With old tv show references out of the way, it was time to start figuring out what was causing the issue. After digging and some experimenting, I was able to narrow down that the problem was occurring at the caching layer (when I disabled the Boost module, the number of queries dropped back down to sane numbers (under 100, low total query running time). The main reason all of this was being caused:
- Enabled Custom Pagers module.
- Each gallery photo has a pager with a previous photo/next photo in gallery via a view.
- Some galleries have over 1000 photos.
- Boost implements hook_views_render to get related nodes to a piece of content so if the content changes, the cache for the other nodes are flushed as well.

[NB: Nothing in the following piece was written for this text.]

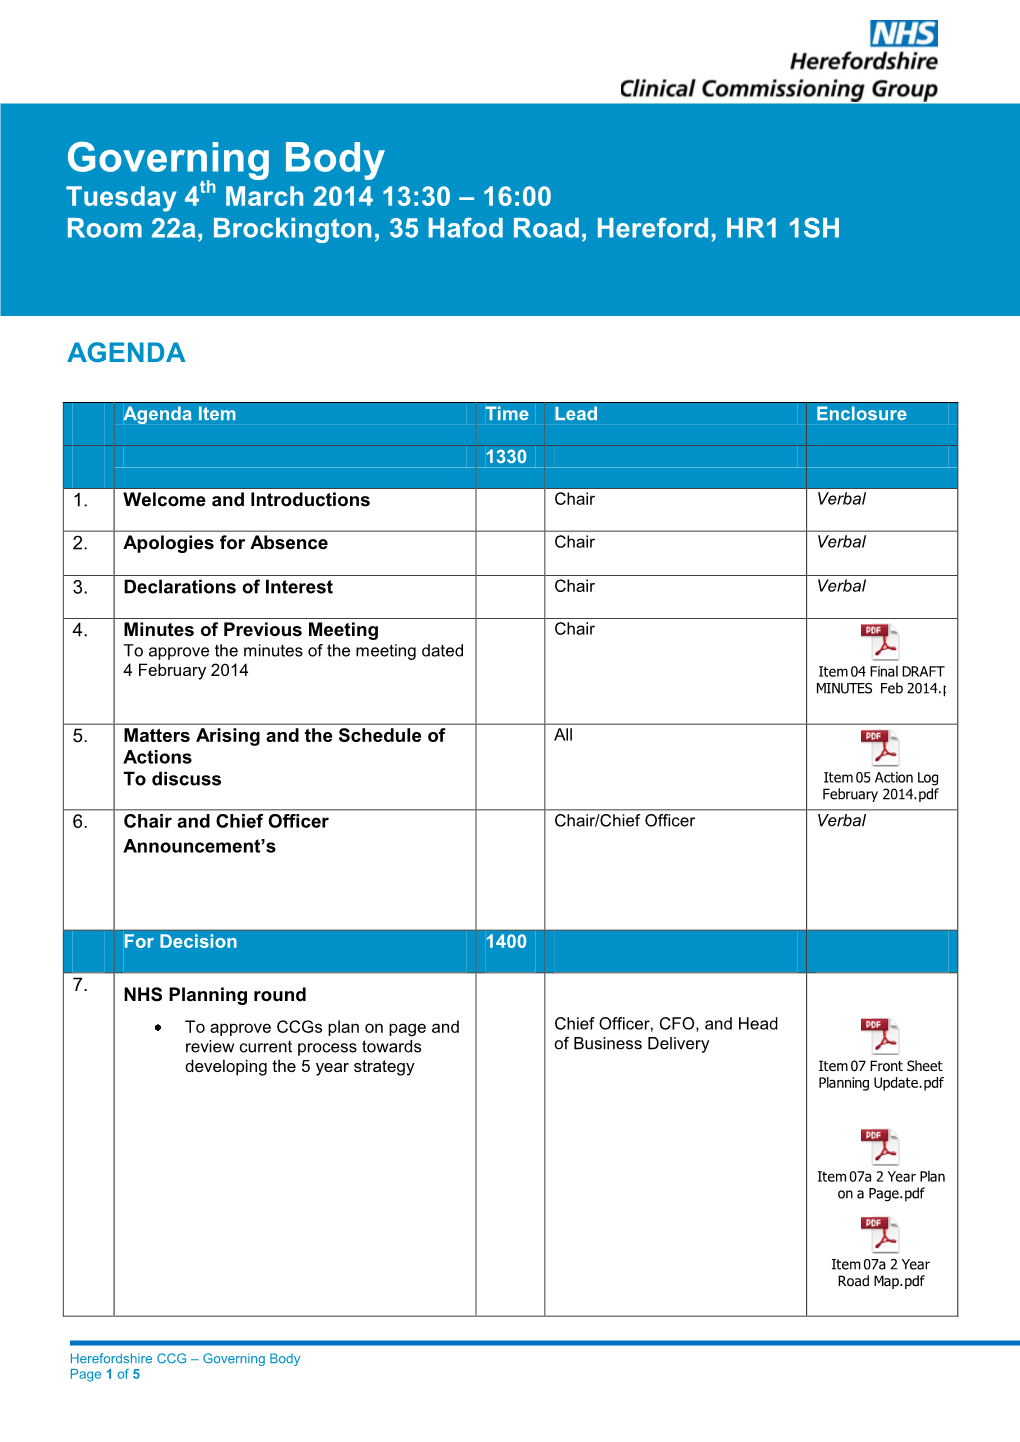 Governing Body Th Tuesday 4 March 2014 13:30 – 16:00 Room 22A, Brockington, 35 Hafod Road, Hereford, HR1 1SH

- Instead of adding the node IDs, Boost performed a full node_load to get a small amount of information regarding the node.
- Fiasco.
One solution was to disable boost though that would also be getting rid of the benefits of using the amazing things that boost does. So I wrote a small bit of code in my module:
/** * Implementation of hook_views_pre_execute(). * Run before boost executes */ function calarts_photo_gallery_views_pre_execute(&$view) { if ($view->name == 'photo_gallery_content' && module_exists('boost')) { global $_boost_cache_this, $_boost_cache_this_backup; $_boost_cache_this_backup = $_boost_cache_this; $_boost_cache_this = FALSE; } } /** * Implementation of hook_views_post_execute(). * Run after boost executes */ function calarts_photo_gallery_views_post_render(&$view) { if ($view->name == 'photo_gallery_content' && module_exists('boost')) { global $_boost_relationships, $_boost_cache_this, $_boost_cache_this_backup; $_boost_cache_this = $_boost_cache_this_backup; if ($_boost_cache_this) { foreach ($view->result as $item) { $nids[] = $item->nid; } while($node = db_fetch_object($result)) { $GLOBALS['_boost_relationships'][] = array('child_page_callback' => 'node', 'child_page_type' => $node->type, 'child_page_id' => $node->nid); } } } }
Essentially, what this module does is, for that particular view, I implement hook_views_render
and hook_views_post_render
. In the former, I essentially tell boost that caching the current page is not allowed so it does not run the kind of queries that it does. In the latter, I gather the data that boost requires using a much simpler query (1 query as opposed to more than 1 query as seen by boost), and tell boost that the current page *can* be cached. Problem solved.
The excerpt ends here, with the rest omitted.